What is being asked: Set down precisely the lines from the line with "con vista a" through the end of the material, inclusive, and no pictures.
++++ Data below ++++
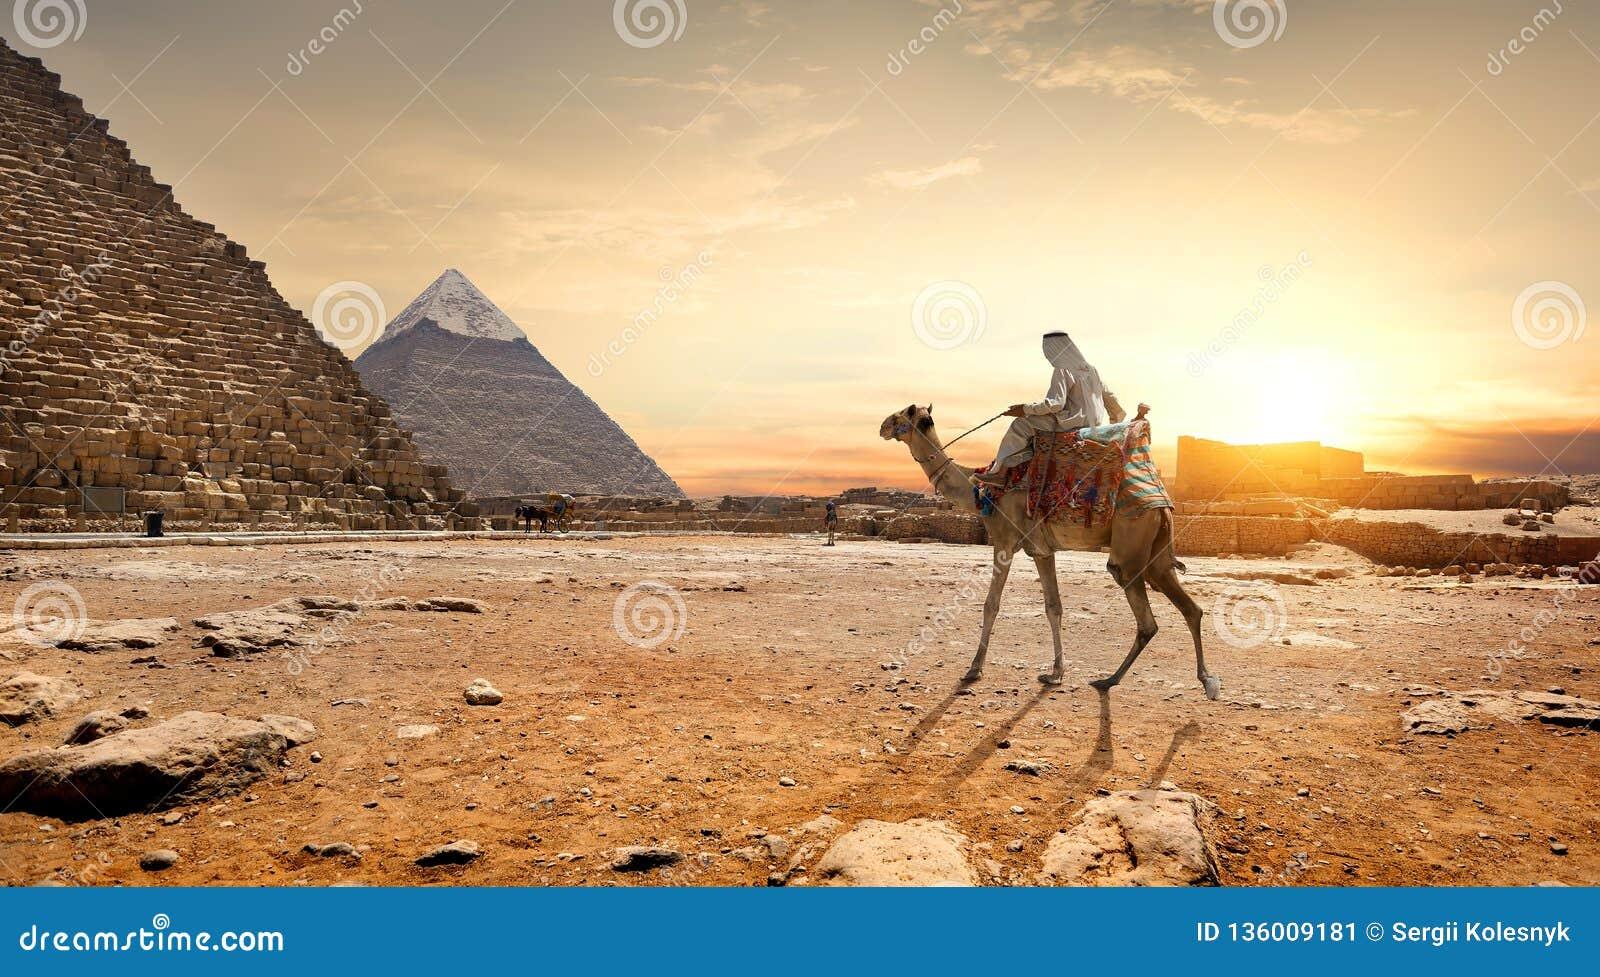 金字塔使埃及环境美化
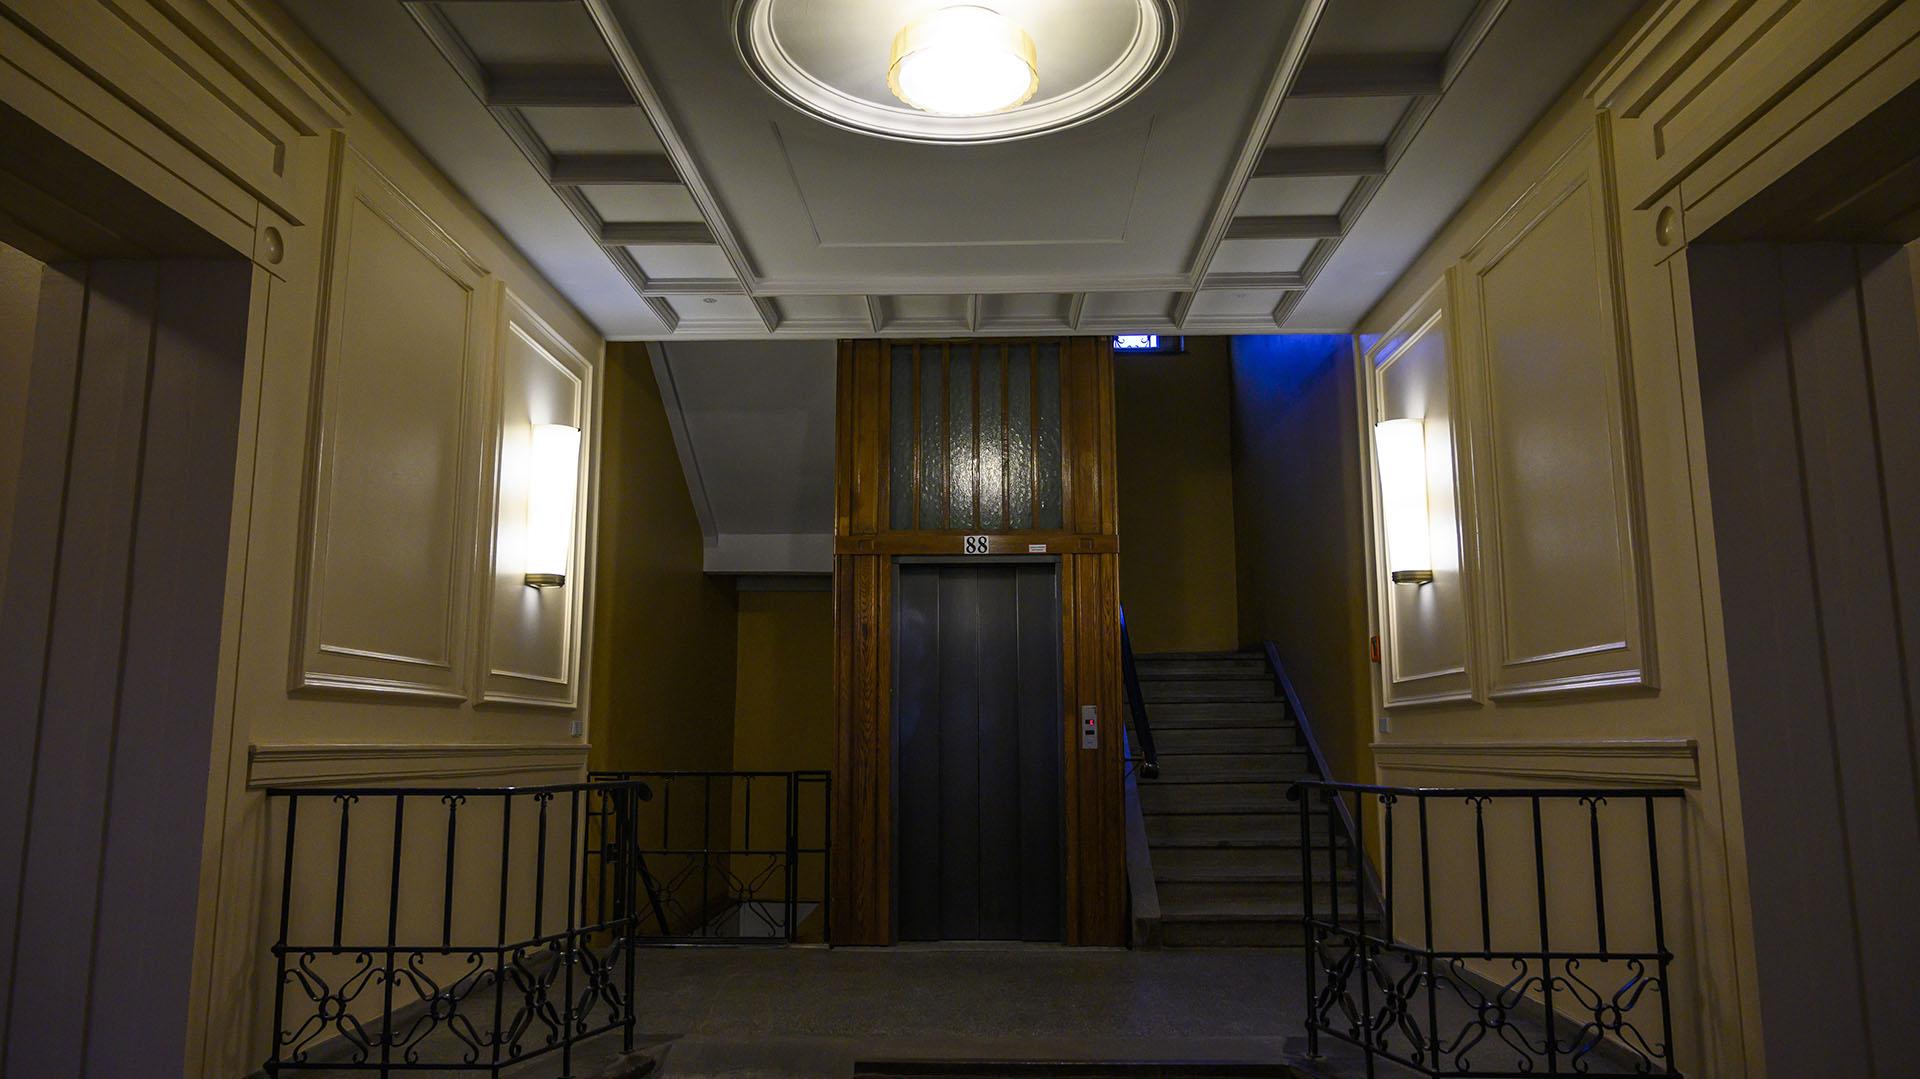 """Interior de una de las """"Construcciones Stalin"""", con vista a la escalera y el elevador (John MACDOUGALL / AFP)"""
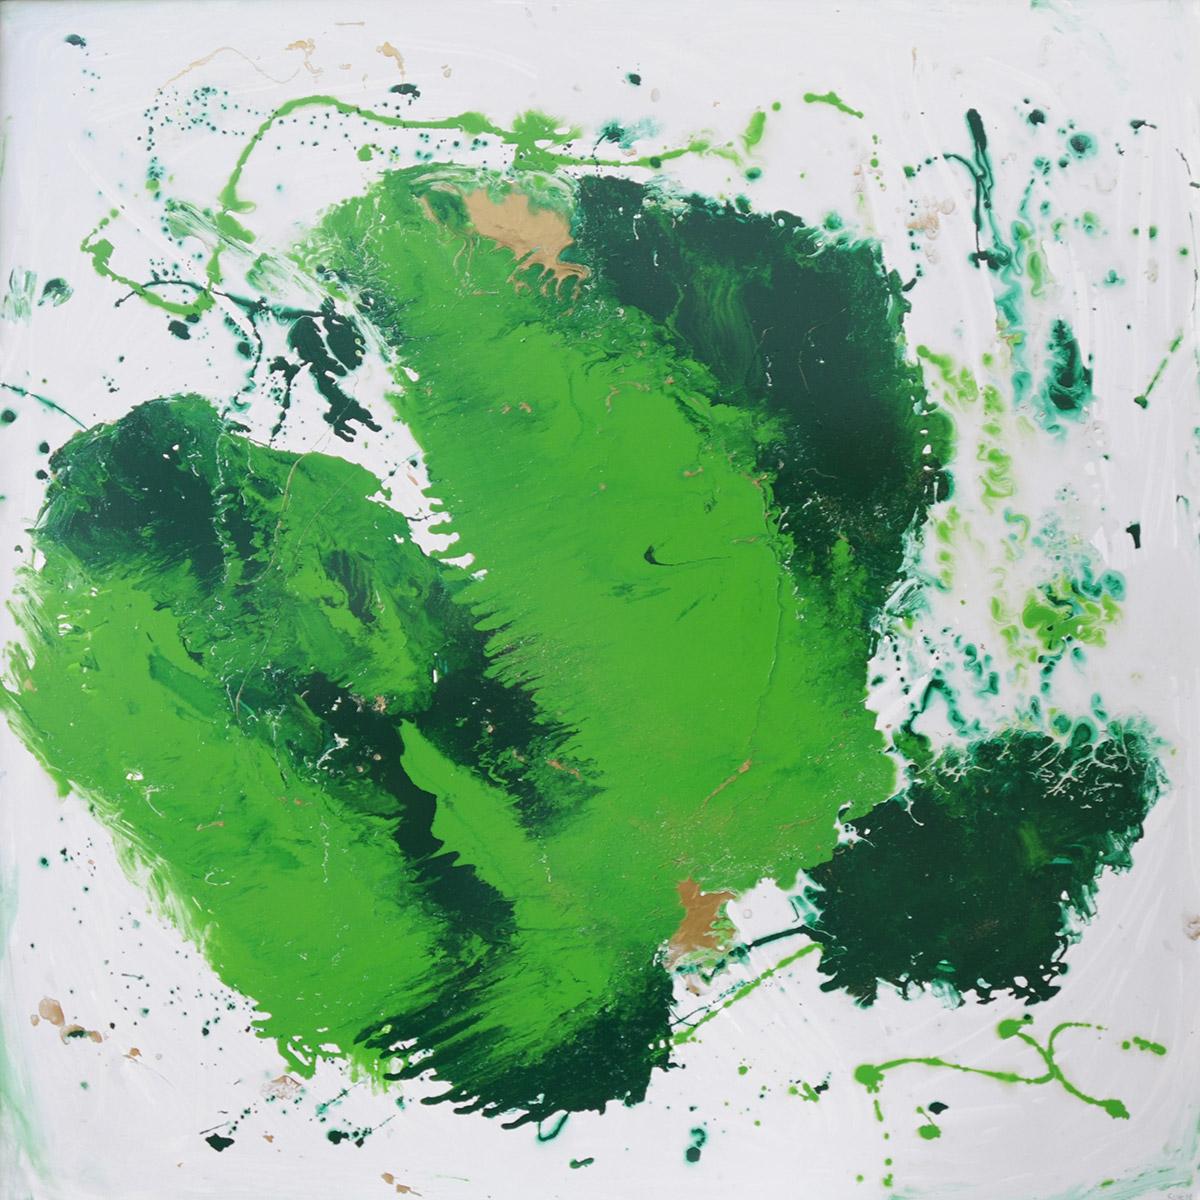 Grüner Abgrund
++++
The completed task:
 """Interior de una de las """"Construcciones Stalin"""", con vista a la escalera y el elevador (John MACDOUGALL / AFP)"""
 Grüner Abgrund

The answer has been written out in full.